[Opening INFORMATION GIVEN section]
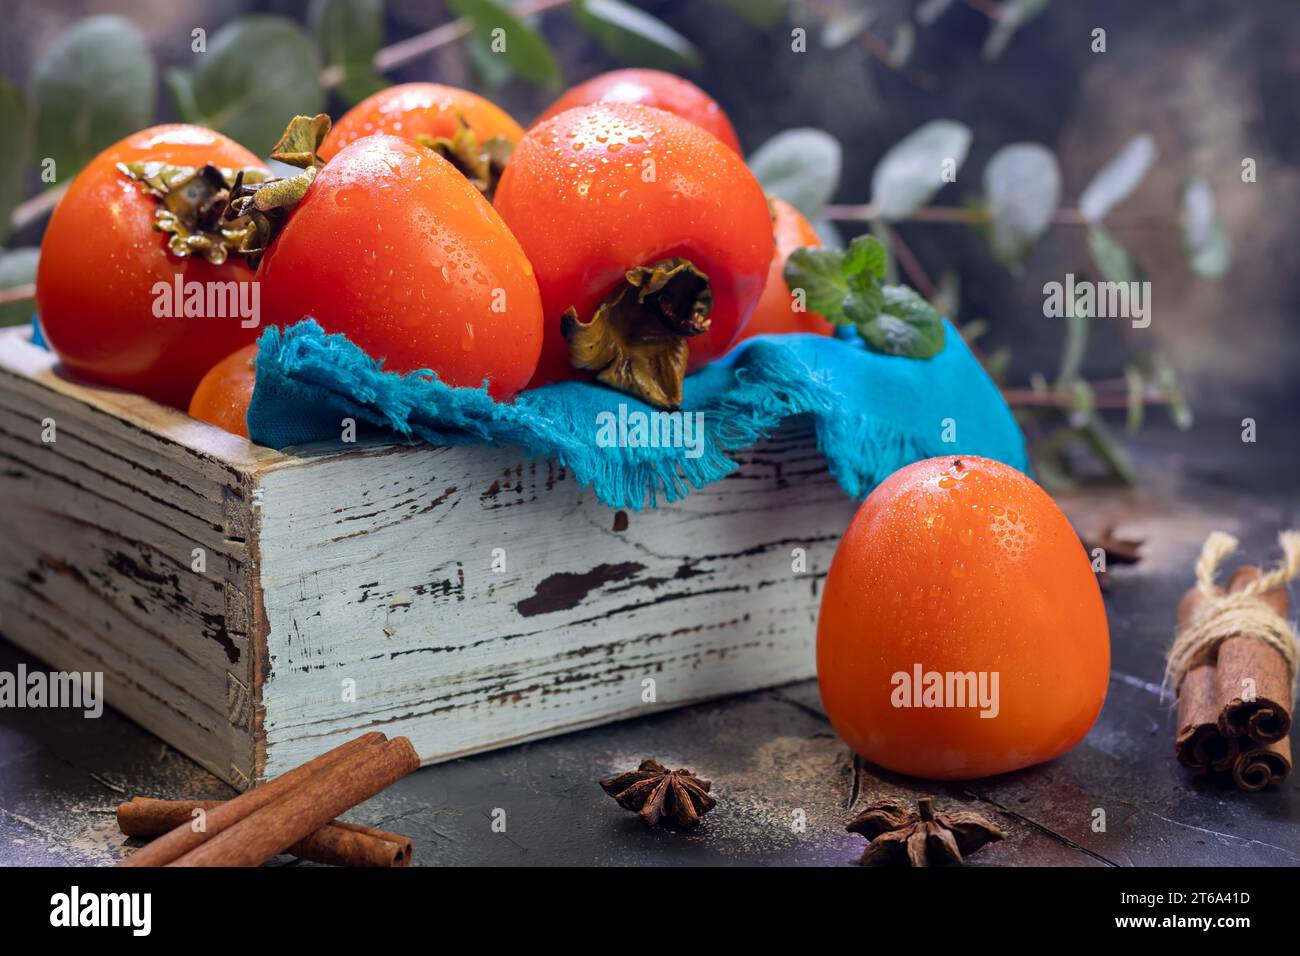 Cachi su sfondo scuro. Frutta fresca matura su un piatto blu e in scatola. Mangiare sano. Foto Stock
[Closing INFORMATION GIVEN section]
[Opening INFORMATION GIVEN section]
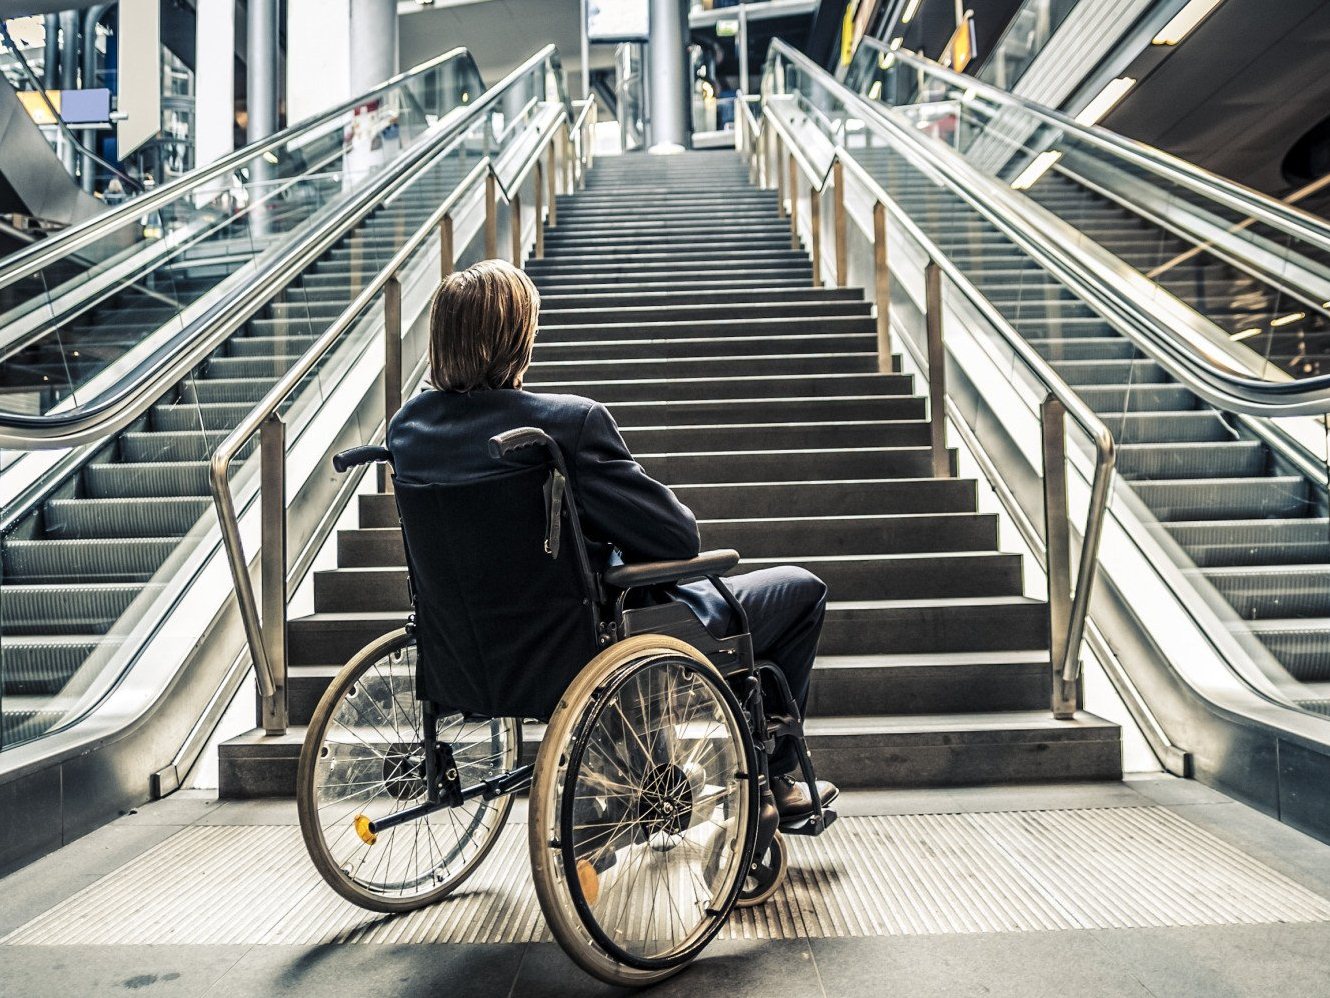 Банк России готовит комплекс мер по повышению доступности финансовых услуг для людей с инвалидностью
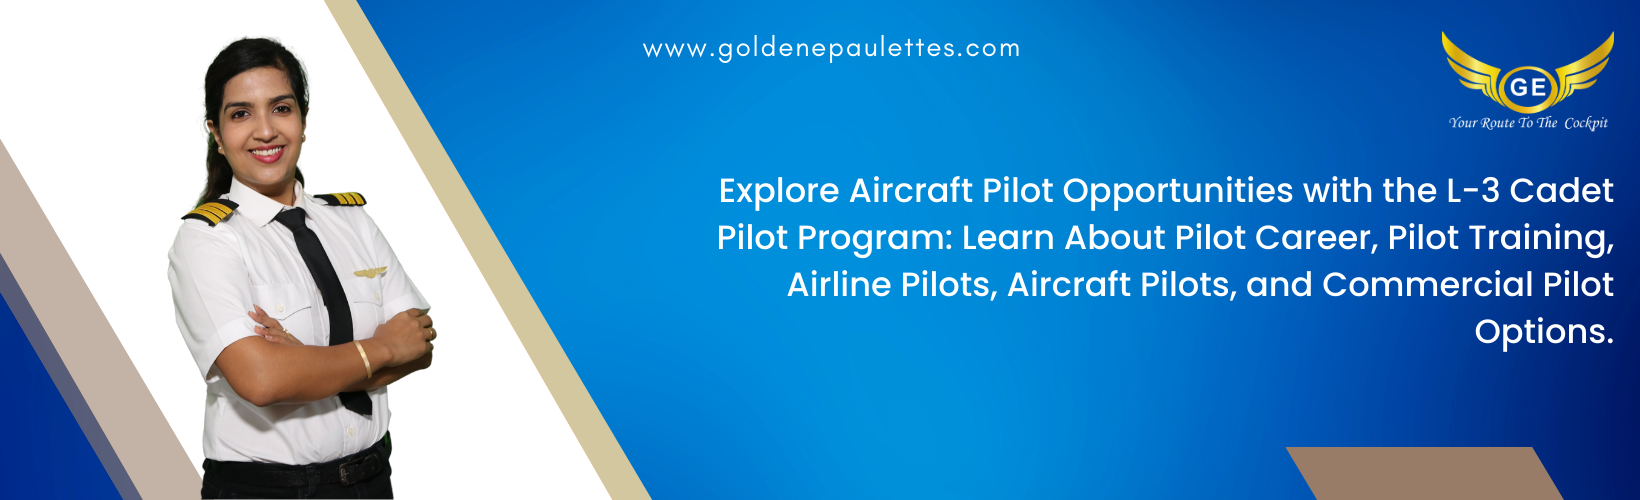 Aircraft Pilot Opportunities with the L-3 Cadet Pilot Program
[Closing INFORMATION GIVEN section]
[Opening INFORMATION GIVEN section]
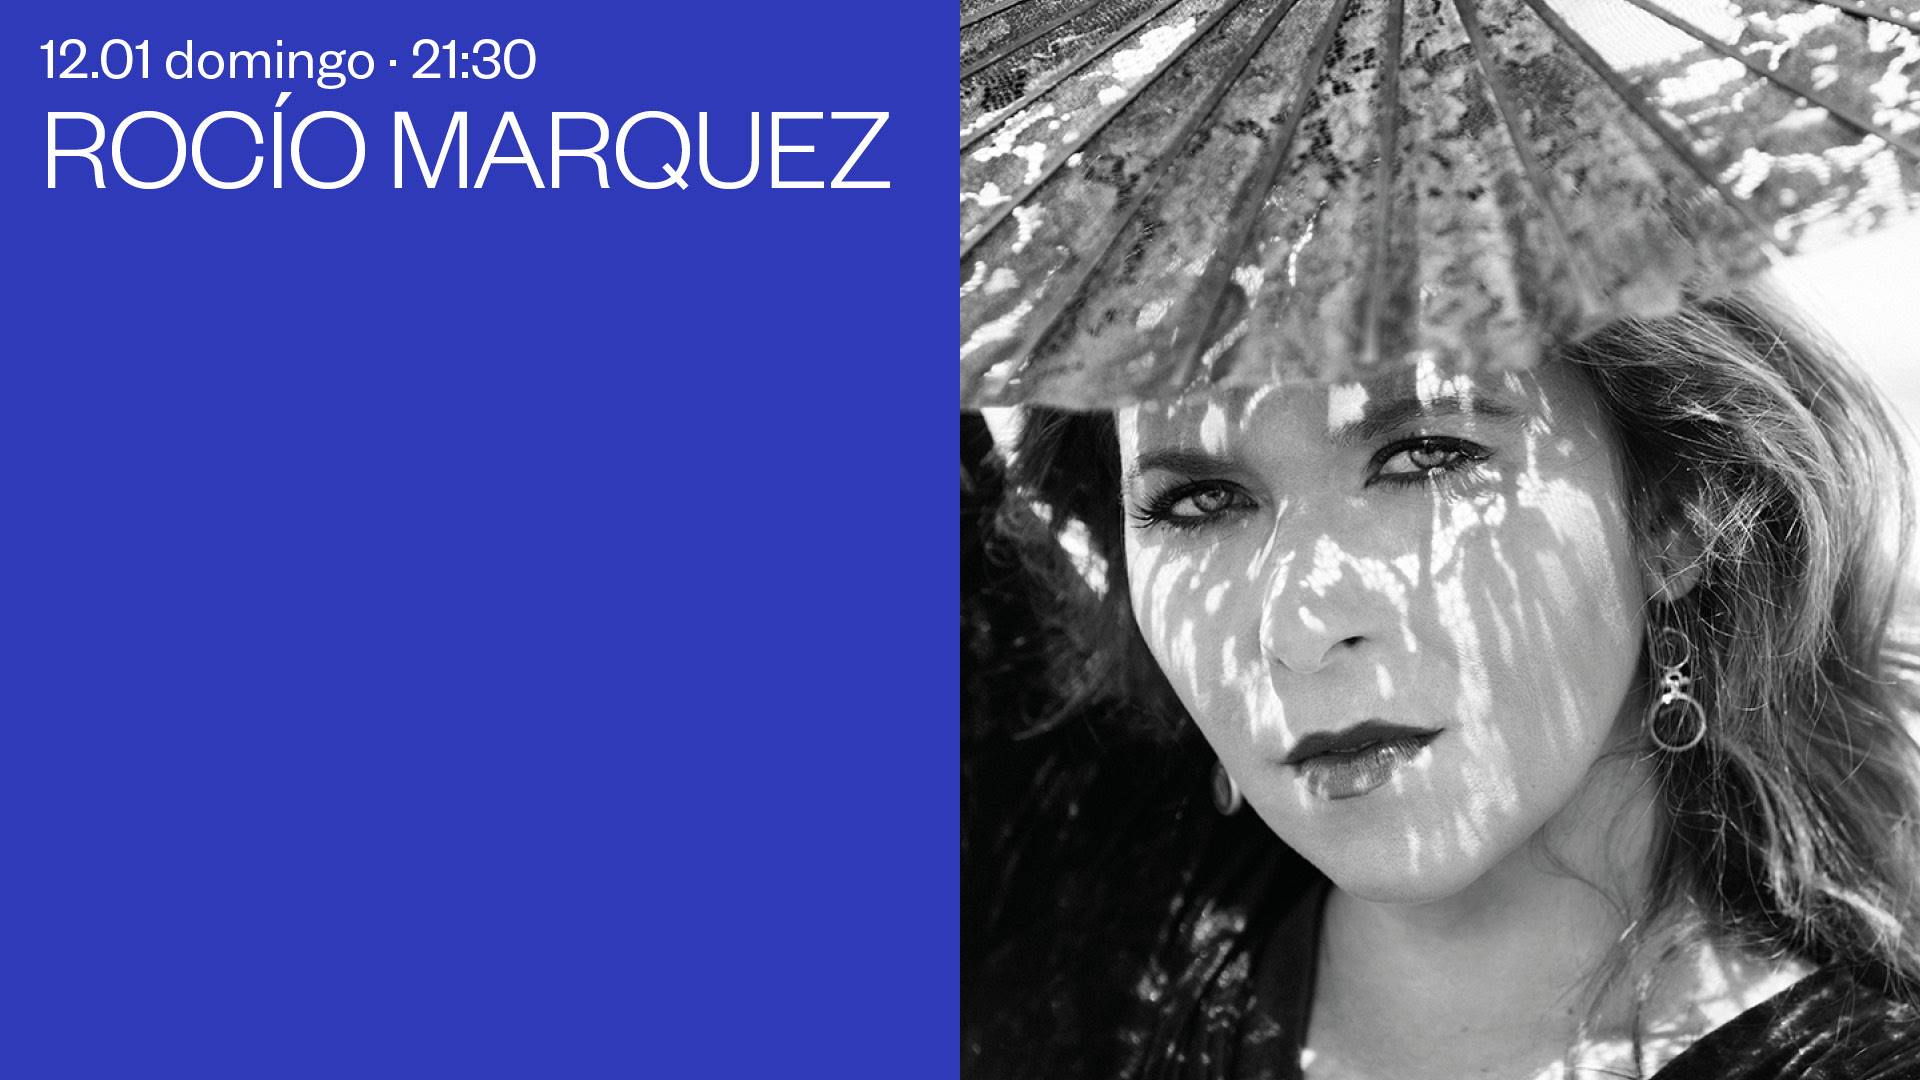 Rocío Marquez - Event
[Closing INFORMATION GIVEN section]
§ DIRECTIONS
Skip every picture, and restate word for word only the lines above from the line containing "Банк России готовит" to the line containing "Aircraft Pilot Opportunities", both of them included.

§ ANSWER SECTION
 Банк России готовит комплекс мер по повышению доступности финансовых услуг для людей с инвалидностью
 Aircraft Pilot Opportunities with the L-3 Cadet Pilot Program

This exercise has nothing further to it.